Mr and Mrs Barlow, Scot’s parents, were both seated in the front row of this public area, which, in Oxford, was not an elevated gallery as at the Old Bailey, but on the floor of the courtroom alongside the press.
Next, Steve Mitchell was brought into court from the cells by a prison officer in uniform. Both the prison officer and Steve sat in the glass-fronted dock at the back of the court, behind the barristers’ benches. I turned round and gave Steve an encouraging smile. He looked pale and very nervous but was dressed, as I had suggested, in the blazer, white shirt and tie that I had bought for him in Newbury the previous Saturday. Courts are formal places and most of the trial participants were in legal dress or lounge suits. Only juries and the public galleries were casual, and seemingly more so each year.
‘All rise,’ announced the clerk. Everyone stood and the judge entered the court from his chambers behind. He bowed. We bowed back. And then everyone sat down again. The court was now in session.
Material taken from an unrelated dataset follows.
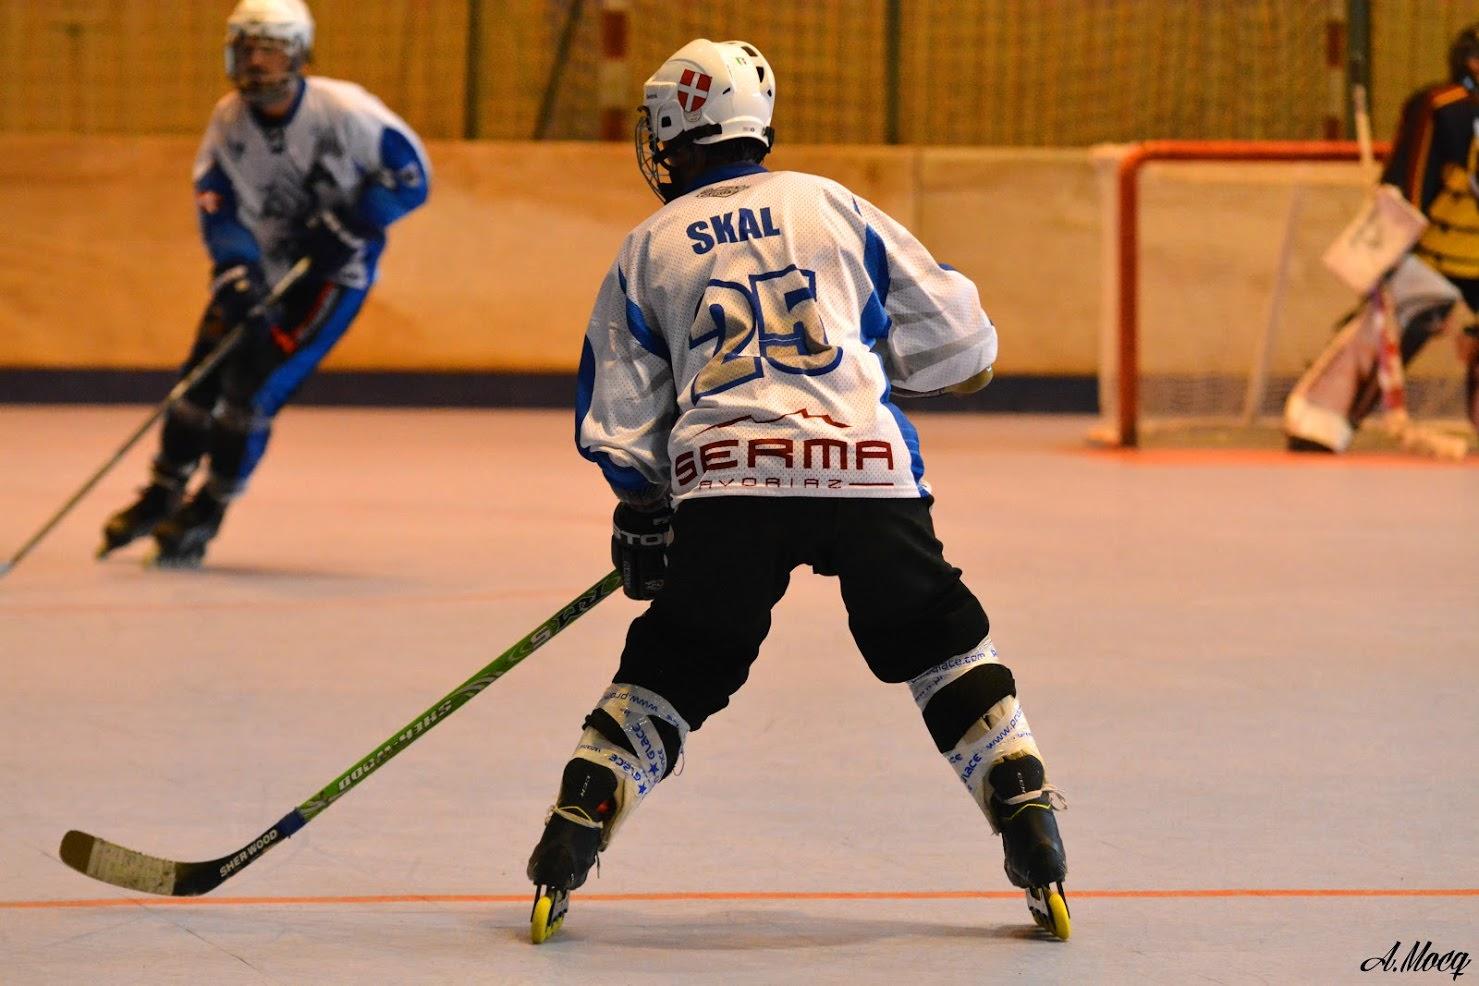 Rollers hockey

The court clerk stood up. ‘The defendant will rise,’ she said. Steve stood up.
‘Are you Stephen Miles Mitchell?’ said the clerk.
‘Yes, I am,’ Steve replied in a strong voice that was partly muffled by the glass front of the dock that ran right to the ceiling of the court.
‘You may sit down,’ said the clerk, so he did.
‘Are you leading for the defence, Mr Mason?’ the judge asked loudly, making me jump.
I struggled to my feet. ‘Yes, My Lord,’ I said.
‘Do you not think that your team needs strengthening somewhat?’ he asked.
It was his coded way of asking whether I thought that a QC might be more appropriate, as he clearly did.